Nada para él, más que el cuadro oscuro de su recuerdo. Y la insistencia en arañar la piel de aquel farol. La nariz afilada, las uñas ya endurecidas, el pelo lleno de sal, el rostro oscuro, muy oscuro, como el de un marinero, y un gesto severo en la frente, que para los viejos del lugar delataba su locura. Pero era una demencia serena y romántica, era una demencia enamorada, por un anhelo imposible, como si quisiera bajar la luna con sus propias manos y ponerla a los pies de aquel fanal.
No sé cómo transcurrieron sus años.

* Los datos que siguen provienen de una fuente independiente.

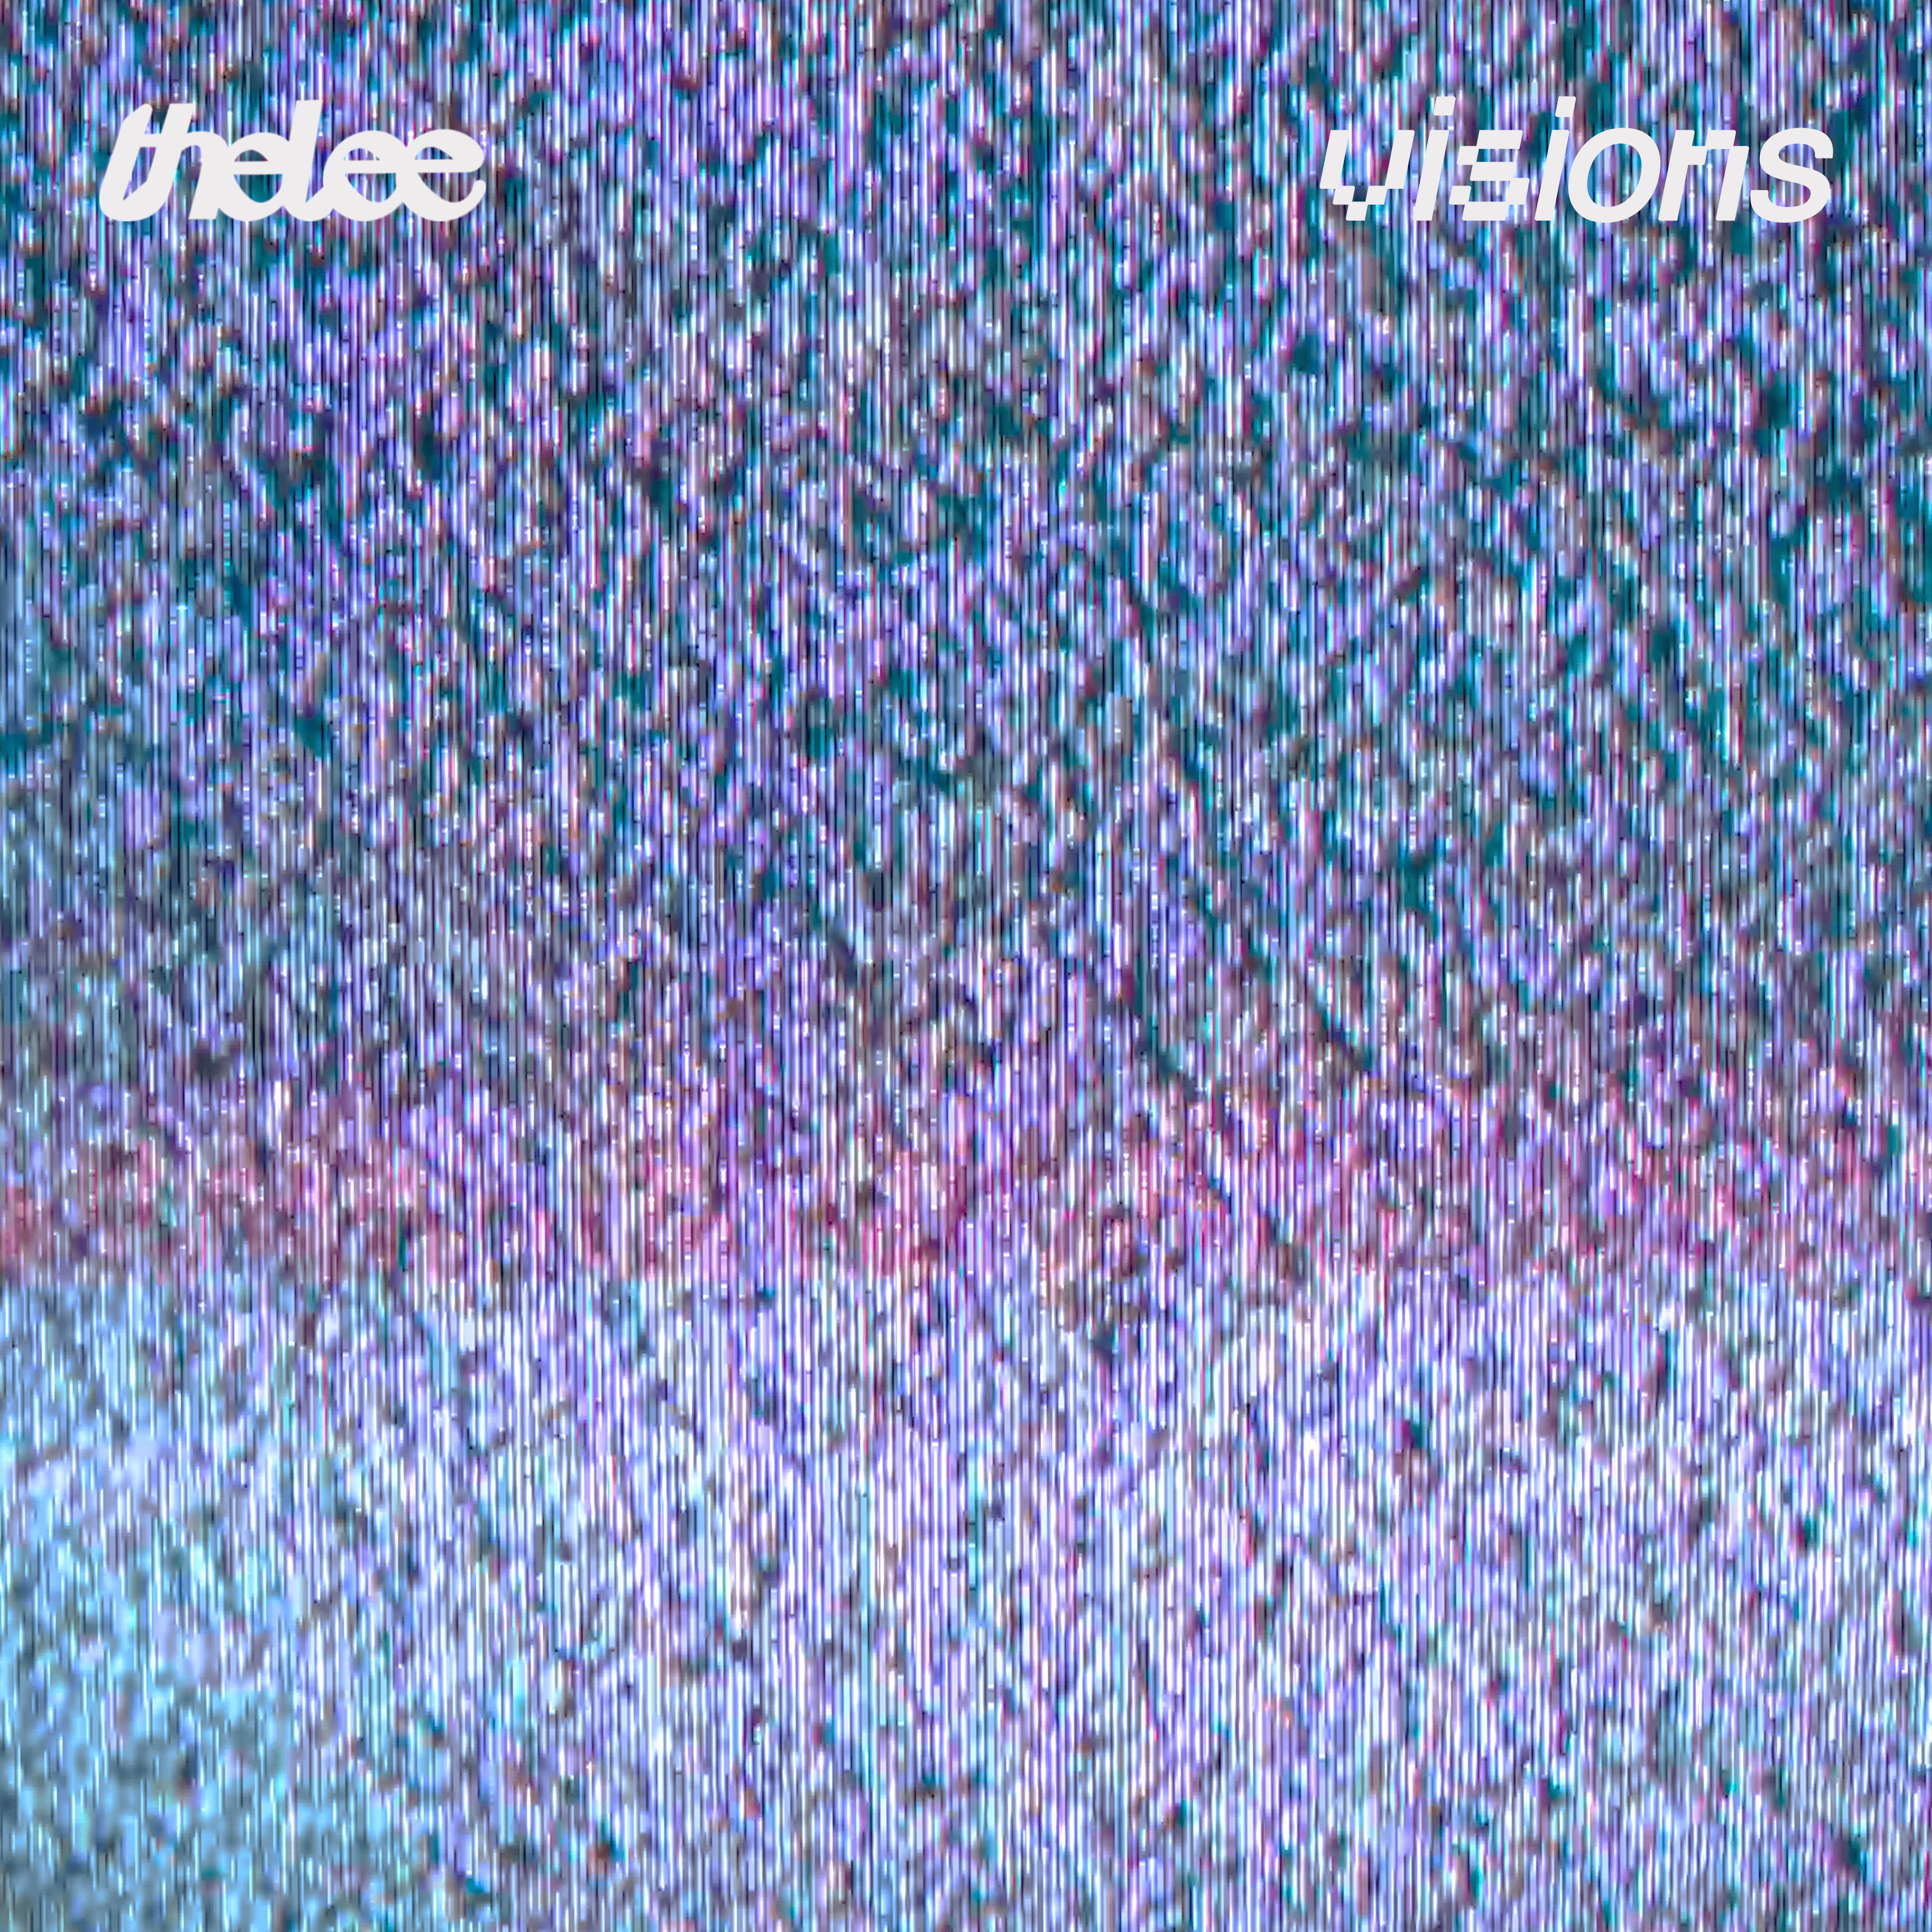 Thelee debuta con su primer EP llamado 'Visions'

La vida ocurrió mientras él reiteraba su poema de dolor. Los niños a los que su presencia atemorizaba se hicieron mayores y se reían de él. Después se hicieron más mayores y entonces algunos lloraron por él. El muelle mudó sus barcos destartalados por modernos modelos, y hasta la vestimenta de los marineros se hizo de otra luz, con la llegada de otras generaciones de hombres de mar. Todo esto sucedió a su espalda, porque su única cara era al mar, y su único sustento, aquel báculo de luz amarilla, que como estandarte de su dolor resistía a través del tiempo y la distancia a las reformas del lugar.
Y fue una noche extraña porque así tuvo que ser. Bebido, más ebrio de lo habitual, bajo el sendero empedrado, fallándole las piernas en los resbalones hasta llegar al firme hormigón del puerto. Al instante, y queriendo asirse a los brazos de su farol, dio un mal paso, y se perdió con los brazos abiertos en las aguas aceitosas de la cara sur del dique. Nadie lo supo hasta días después. Tampoco nadie lo reclamó. Fue solo el loco, que perdió la cabeza cuando ella, sirena de brillante belleza y encantadora juventud, hace ya veinte primaveras, le tendió su vida, sus manos, y sus labios, y se marchó.